A View from the Bridge : A modern classic stripped to its tragic roots

Jack Farmer reviews a new production of Arthur Miller’s play, currently running at the Young Vic


Director Ivo van Hove’s production of A View from the Bridge strips away all distractions, distilling Arthur Miller’s classic tragedy down to it’s hard and bitter essence. With no set, no props and no interval, the emotional punch of the play hits home with impressive force.

The actors perform barefoot on a white thrust stage, only interrupted by bursts of operatic song from the wings and a grimly insistent drumbeat. The drama’s social context remains evident in the characters’ speech patterns and moral codes – but this is Miller at its most abstracted, a modern Greek tragedy. The characters are placed on the white-washed stage like laboratory subjects to be analysed.

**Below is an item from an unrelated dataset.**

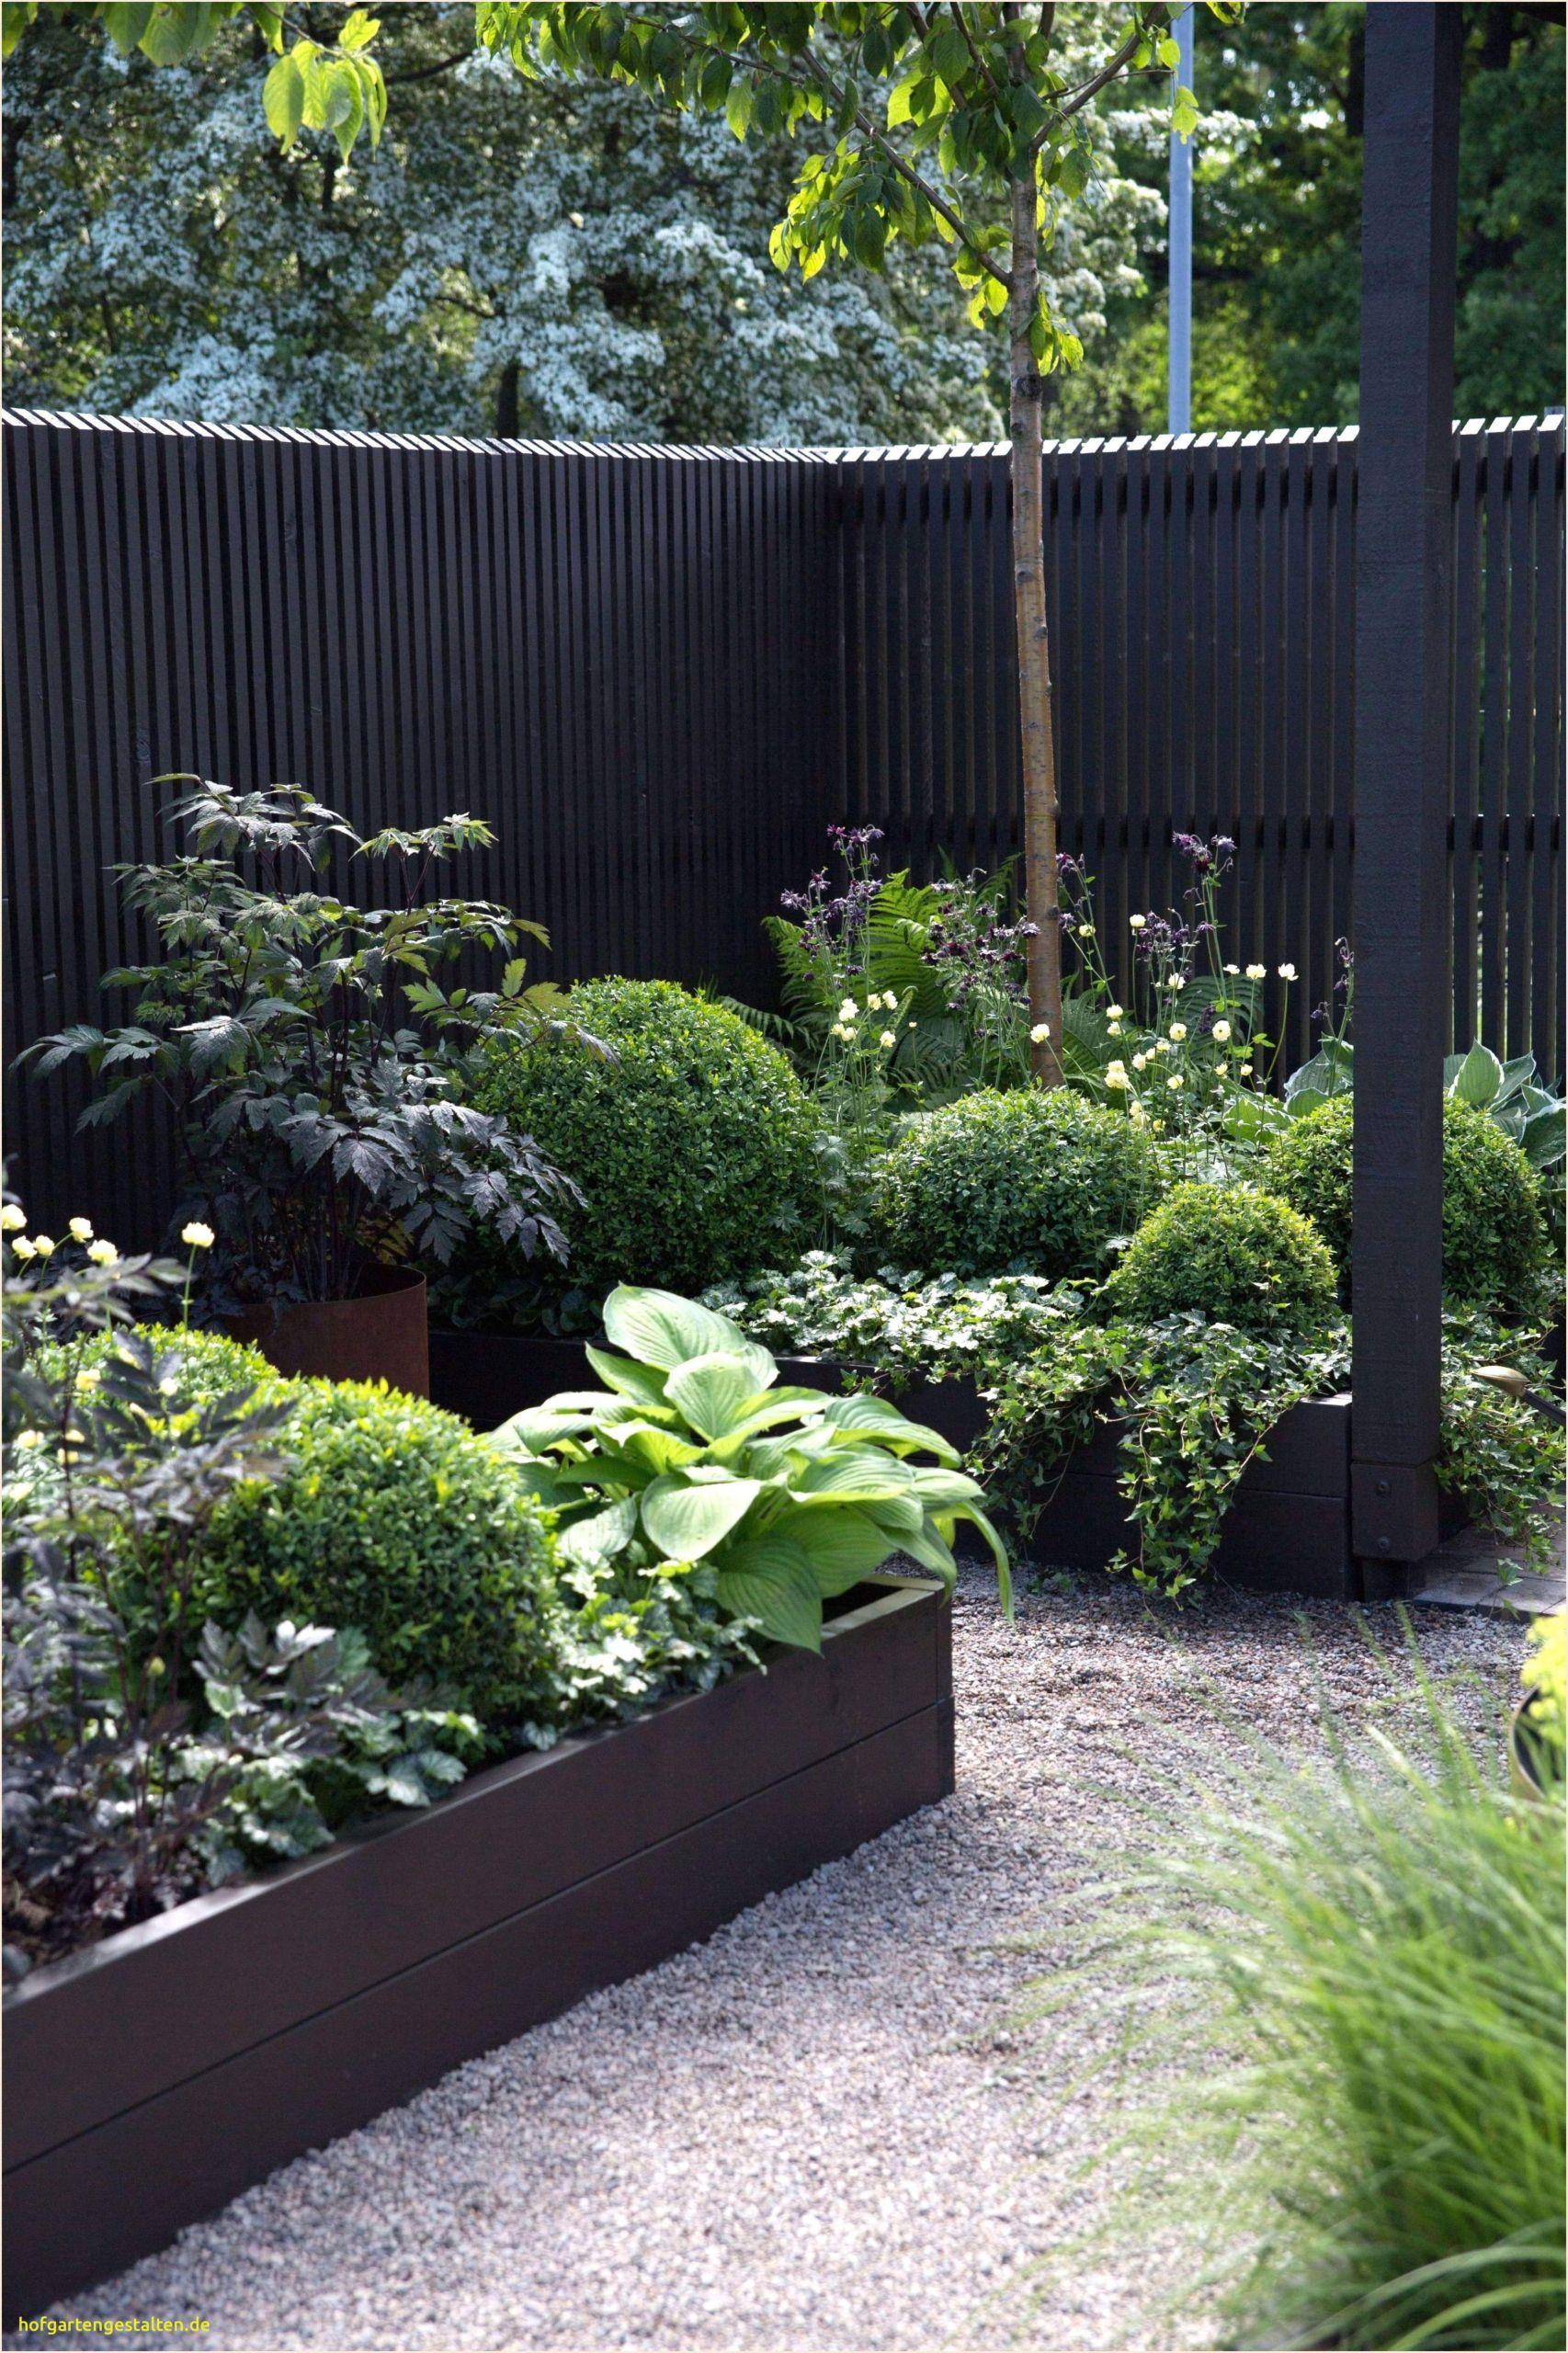 Mein Garten Reizend Alten Garten Neu Anlegen — Temobardz Home Blog

The aptly-named Mark Strong puts in a commanding performance as butch longshoreman Eddie Carbone. Eddie harbours an unhealthy affection for his niece Catherine; when she falls for Rodolpho, an illegal immigrant lodging at Eddie’s house, he kids himself that his only desire is to protect her from harm. In Eddie’s eyes, Rodolpho is hardly a man at all: he has wavy blond hair, sings, dances and mends-dresses. Eddie’s maladjusted machismo is fully explored in this production: we’re not quite sure if he wants to beat up Rodolpho or take him out on a date. The well-known chair-lifting contest of strength scene takes on melodramatic proportions.

Miller’s dialogue convinces us that he understands the soul of this Italian-American community, but van Hove directs our attention to what is universal in Eddie’s story. This view from the Brooklyn bridge feels somewhat long-distance.

Although the path of Eddie’s self-destruction is obvious from the start, this only increases the tension in such a taut interpretation of the play. The blood-soaked final tableau should feel over-the-top, but it works because it has been so well-earned by the preceding drama.

A production this good doesn’t come around very often; beg, borrow or steal a ticket before it disappears.

A View from the Bridge at the Young Vic until 7th June. £5 standing tickets and day returns available from 10am in person at the theatre.